Еще я хотел написать ему, чтобы он обзавелся гвардией личного подчинения. Я предчувст-вовал вспышки насилия озверевших от свободы дураков. Но покряхтел, покряхтел над машин-кой и не решился. Я смутно понимал, кто именно воспользуется этой яростью дураков. И поэтому не решился. Это было бы слишком нахально и даже опасно. Я не знал, в чьи руки попадет письмо. Таким образом, с предложением скромно перехитрить партию я скромно обратился к ее Генеральному секретарю.
Опустив свое короткое послание в почтовый ящик, я почти забыл о нем. Примерно через месяц, когда я был за городом, мне позвонила теща и, рыдая, сказала, что звонили из ЦК, там какое-то мое письмо обсуждали. Надо срочно приехать в город и позвонить туда по телефону, который они дали. Я приехал домой. Теща, причитая о том, что мой малолетний сын теперь останется сиротой, дала мне телефон.
Я позвонил. Человек, взявший трубку, сказал, что письмо дошло до адресата. Он заверил меня в том, что на предстоящем съезде будет поставлен вопрос о переподчинении районных газет. Я пытался не ограничивать разговор районными газетами, но человек на той стороне замкнулся на них.
Мне показалось, что он ограничил разговор районными газетами, опасаясь подслушиваю-щего устройства. Возможно, опасаясь за меня. А если предположить многоходовую комбинацию политической карьеры, то, может быть, и за себя. Голос его был очень доброжелательный. Голос его как бы посматривал на причитающую тещу и успокаивал ее.
Через несколько дней я вдруг услышал, как дикторша телевидения, передавая прогноз погоды, назвала мое имя и процитировала шутливые строчки моего рассказа о том, как москвичи, затаив дыхание, слушают прогноз погоды, словно они собираются на охоту или полевые работы.
Слышать это было странно и очень приятно.

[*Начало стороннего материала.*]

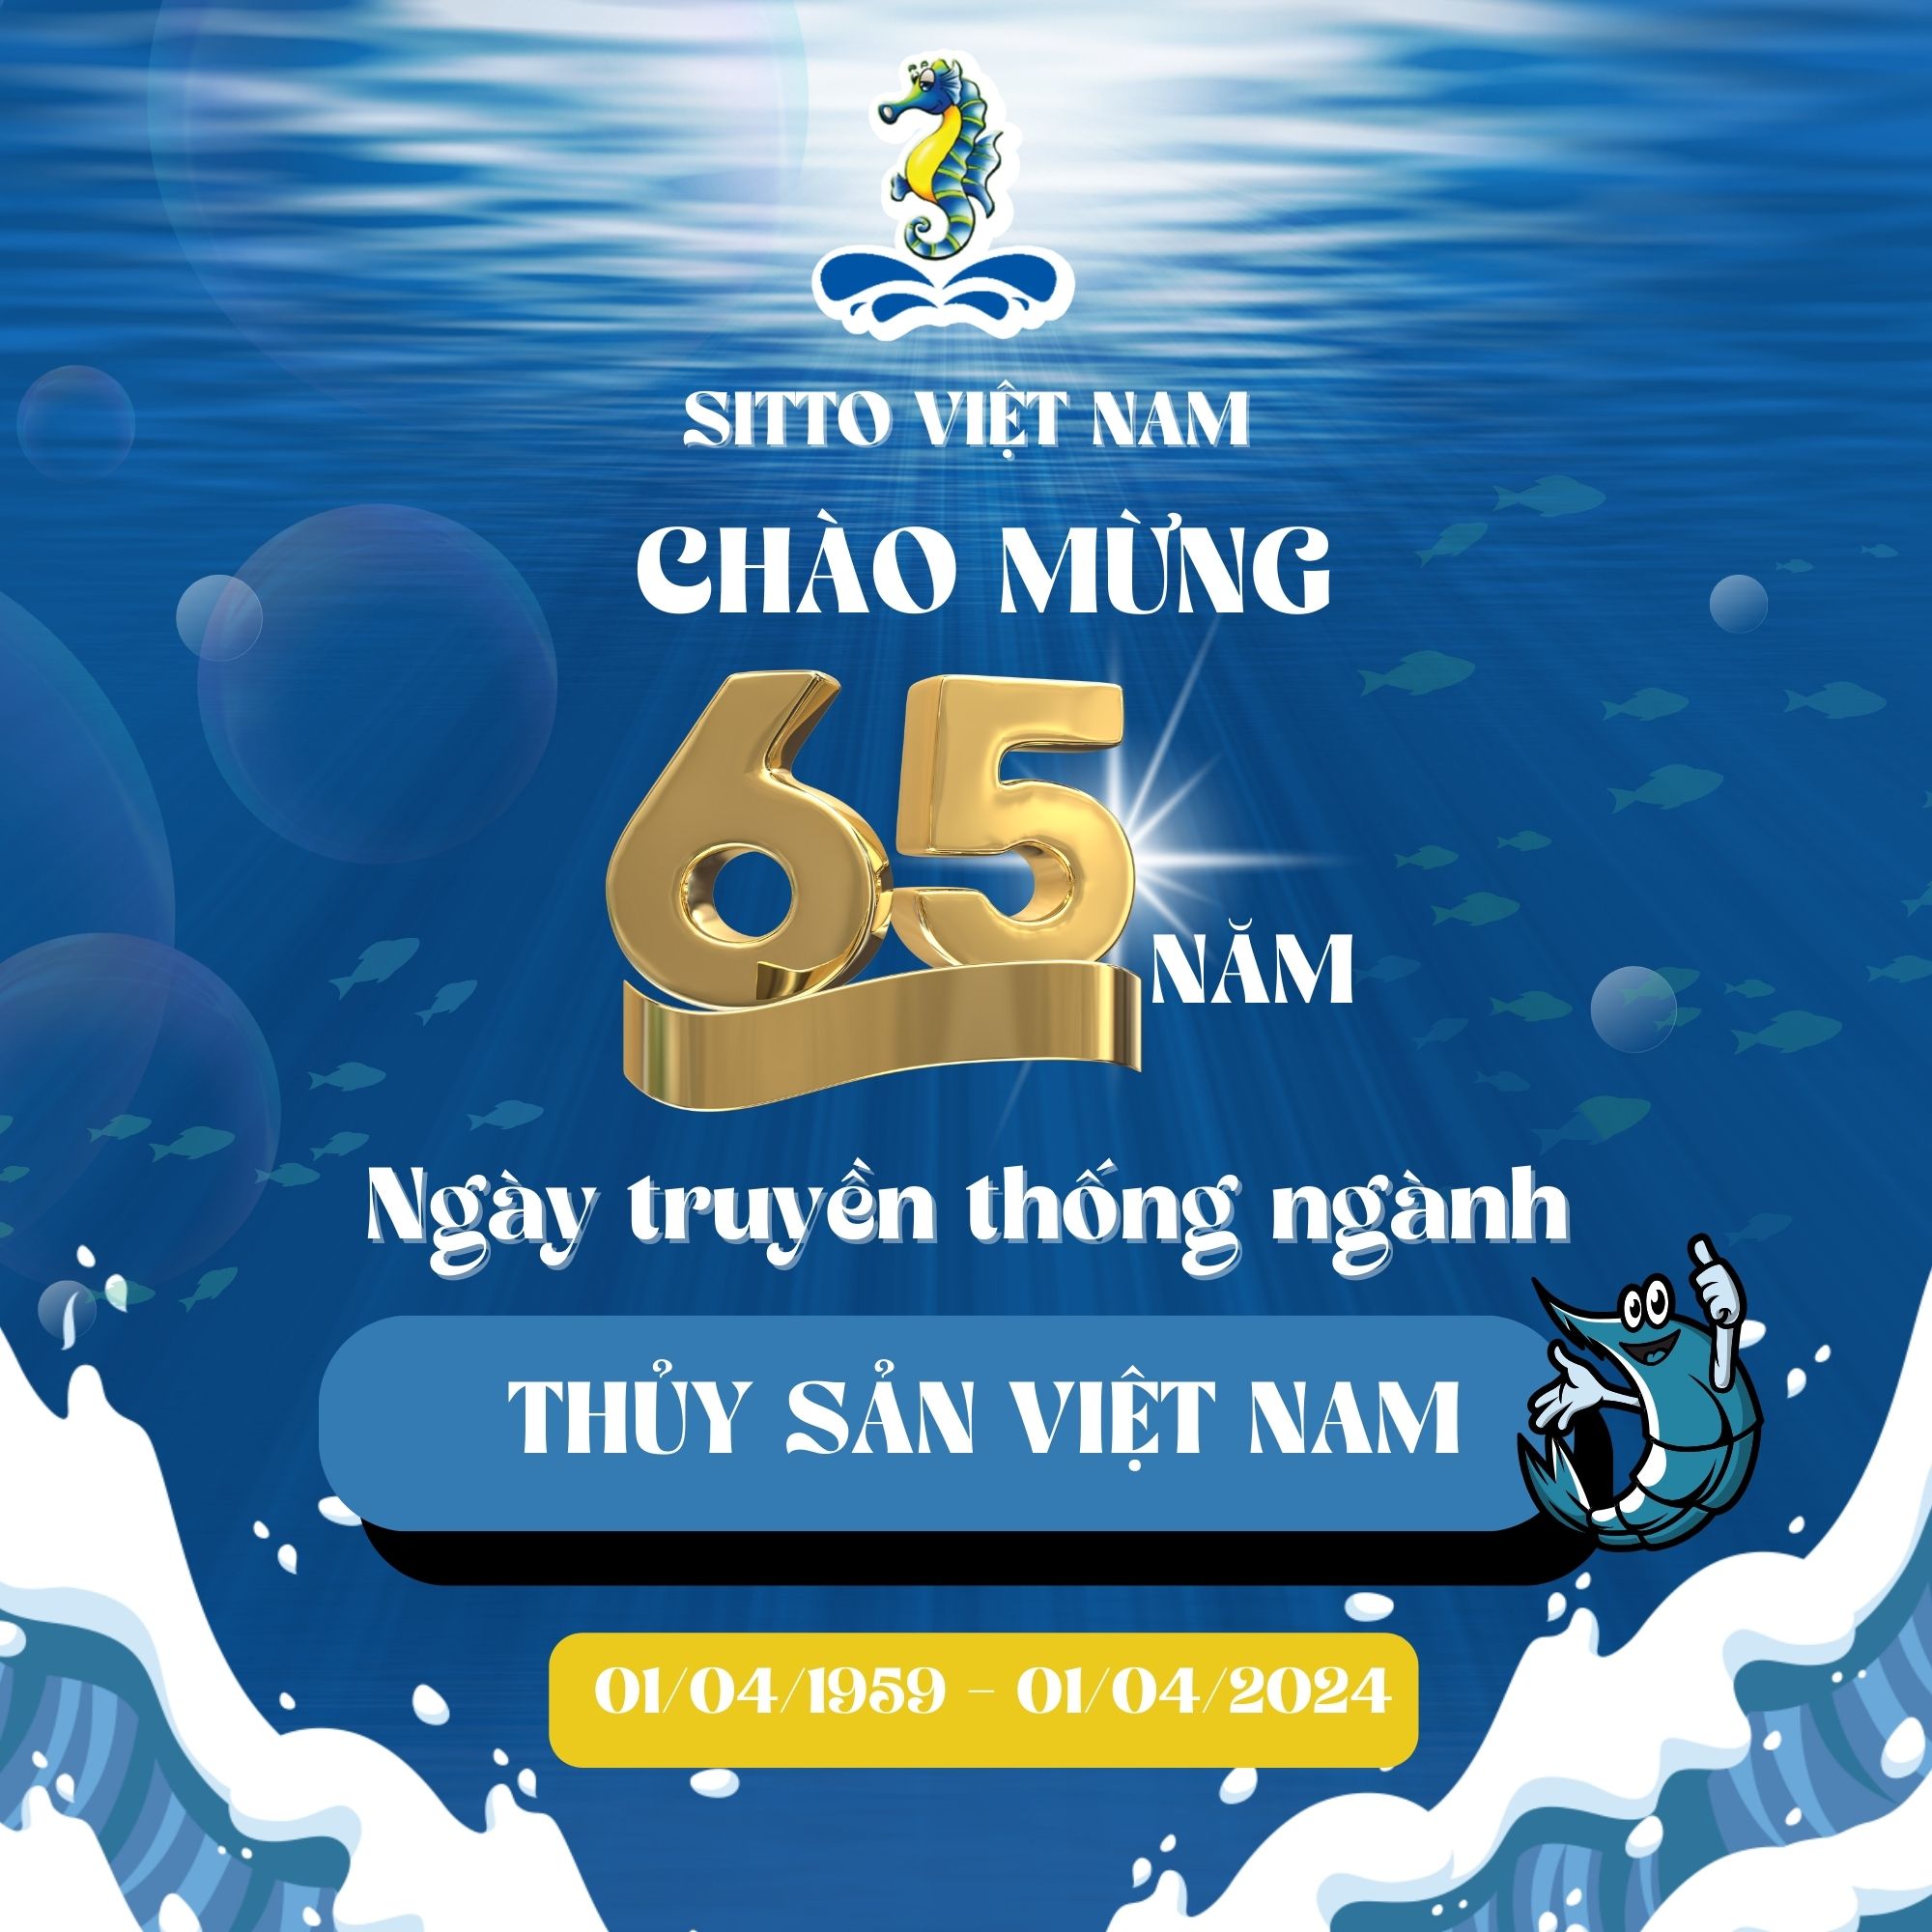 Chúc mừng kỷ niệm 65 năm Ngày truyền thống ngành thủy sản

Если я иногда и чувствовал взгляд государства на себе, это всегда был сумрачный или подозрительный взгляд. И вдруг государство устами женщины улыбнулось мне.
Это был знак, хотя я и не сразу поверил в него. Мы все еще жили в знаковой системе. Вскоре редакции газет и журналов, ворчливо, по-домашнему удивляясь, что я к ним перестал обращать-ся (я перестал!!!), стали просить у меня дать им что-нибудь. Засим последовали приглашения на разные международные конференции. Скорее всего, такие приглашения бывали и раньше, но до меня они не доходили. Государство поверило: не сбежит, не оклевещет. Я стал ездить. На этот раз я выразил начальству желание прямо ехать в Америку, но мне сказали, что вопрос уже решен: надо заехать в Палермо, а оттуда самостоятельно добираться до Америки.

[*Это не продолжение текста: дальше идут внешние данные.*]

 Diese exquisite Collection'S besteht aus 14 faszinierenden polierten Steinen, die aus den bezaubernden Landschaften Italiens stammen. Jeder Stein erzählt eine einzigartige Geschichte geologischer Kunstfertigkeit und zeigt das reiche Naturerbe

Возможно, в планы начальства входило проверить меня на сицилийской мафии, а там, если уцелею, уже закаленного, отправить в Америку. Но как раз к нашему приезду часть мафии выловили и судили, возможно именно ту, на которой меня хотели испытать, потому что ни одного мафиози я не встретил на улицах Палермо.
Зато посреди этого прекрасного города меня чуть не задушили выхлопные газы. В Палермо слишком много машин, а рельеф города, по-видимому, не выдерживает, такой загазованности. Я еле унес ноги из центра, тем более что наша гостиница была расположена на берегу моря и климат вокруг нее был средиземнорайский.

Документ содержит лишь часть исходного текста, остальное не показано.